When they still failed to stop faxing to my number, I called the home number of the student mentioned in a fax. I spoke to the Mom. I told her I knew her kid’s medical info and read stuff directly to her. She was livid. The school never sent me an errant fax again.
Unless it’s actually classified information by the government (which I doubt can exist in email form anyway), I would also say you are probably safe.
That being said, taking classified documents into account, not *everything *requires a positive agreement to be enforceable. Telling the judge, “Well I never AGREED to not look at restricted/classified US documents” isn’t going to get you very far, I don’t think, even if it’s true.
Good points. For there to be legal consequences for disclosing “sensitive” or “confidential” data, there would have to be a legal cause of action (civil or criminal), administrative procedure, etc., to handle people accused of mishandling the information. Afaik there isn’t a generic “misuse of confidential information” offense or tort. If you disclosed government classified information, you might be charged with offenses related to disclosure of classified information. If you signed an employment contract not to disclose details on MegaBigCorp’s project plan to cut costs in the Denver-Salt Lake City shipping route but you sold it to Conglom-O in violation of that contract, you might be subject to suit under breach of contract. Someone who wasn’t a party to the contract might get off, but if MegaBigCorp was publicly traded and they traded on that info, they might be guilty of Insider Trading. If you were subject to HIPAA and violated its confidentiality provisions, you might be proceeded against using that. But if you weren’t subject to HIPAA’s provisions, there would be no cause of action under it against you.
Classified information doesn’t stop being classified just because someone transferred it to a different medium. Otherwise, classified documents could be legally breached by turning them into paintings, microfilm, audiotapes, mp3’s, etc. Letting people off just because they breached the info as a sound file is absurd.
Every integer in the real numbers system is just an integer, right? But apparently some plain old integers are illegal for you to possess.

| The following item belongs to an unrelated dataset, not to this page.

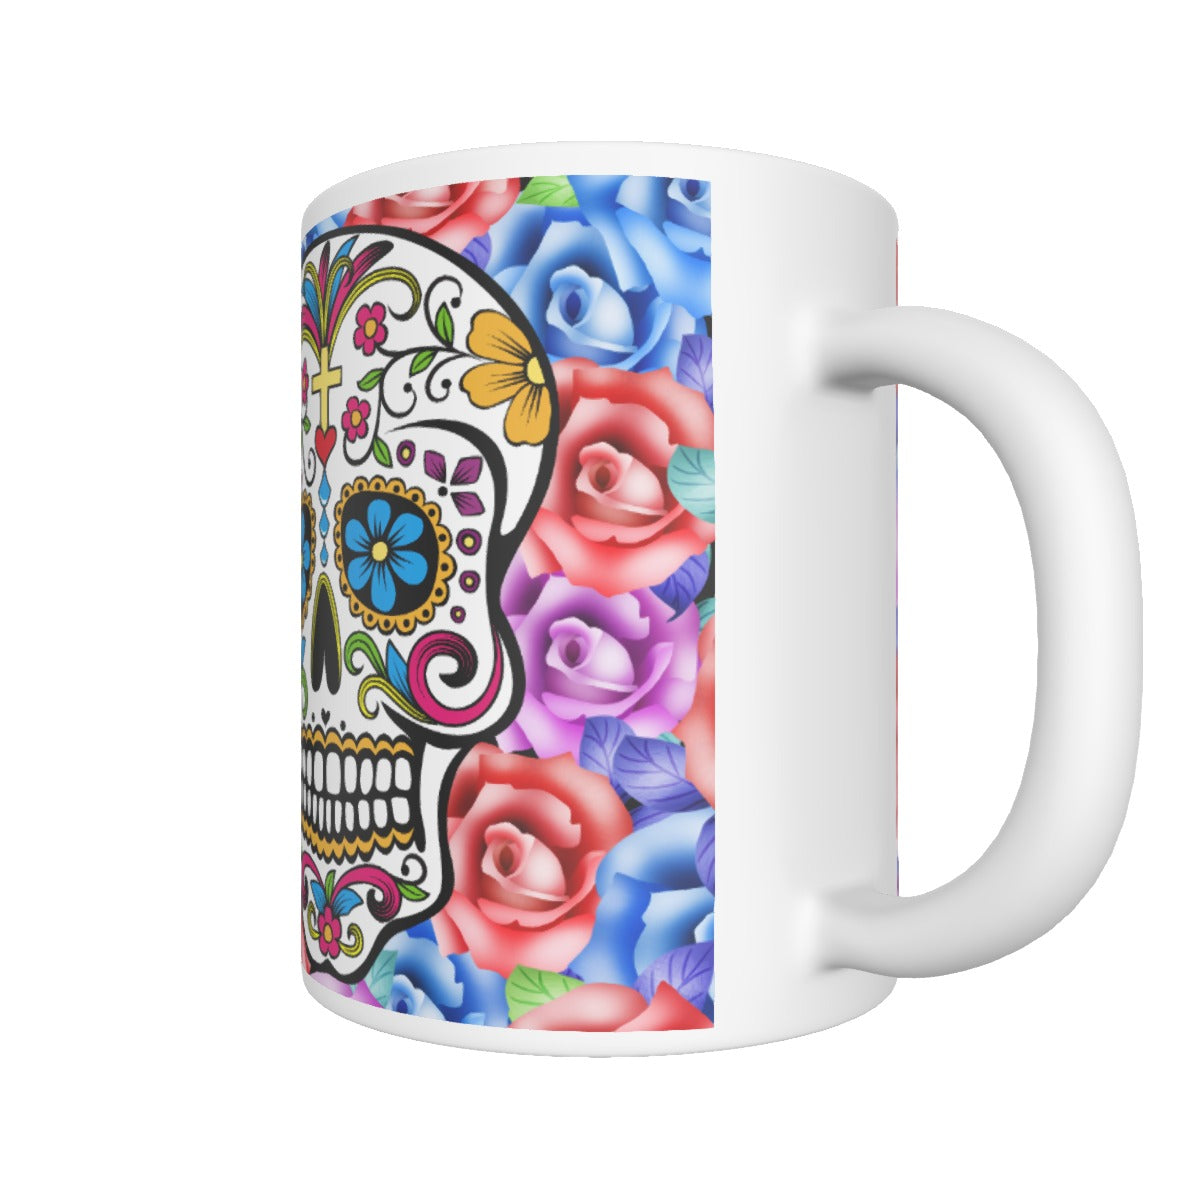 Dia de los muertos sugar skull Ceramics mug

All information, of all sorts, can be coded as a number (e.g., for usage in computers or other electronic media). You could, perhaps, steal a classified document, convert the data to a number, and then concoct an image file or music or video or something that has that in it. It’s all just a big sequence of 0’s and 1’s, right? And you might even send this around by e-mail. But the simple fact that you have some integer that represents a classified document means it’s illegal for you to possess that number, regardless of what media it may be on.
That’s a spurious line of reasoning. The illegality of possessing the data has nothing has nothing to do with its numerical representation. It has to do with its origin and the intent and knowledge of each person passing it on. It’s never the * number* that’s “illegal.” Otherwise you could reduce any offense involving communication or information to this meaningless level of abstraction.
I don’t know how classified/restricted documents work, which is why I said “doubt” when talking about classified emails.
Seems like this might make a good question for Cecil honestly. “Can I be held legally responsible if I receive a sensitive email in error? Are there such things as classified/restricted by the government emails that would carry fines or prison sentences for unauthorized recipients?”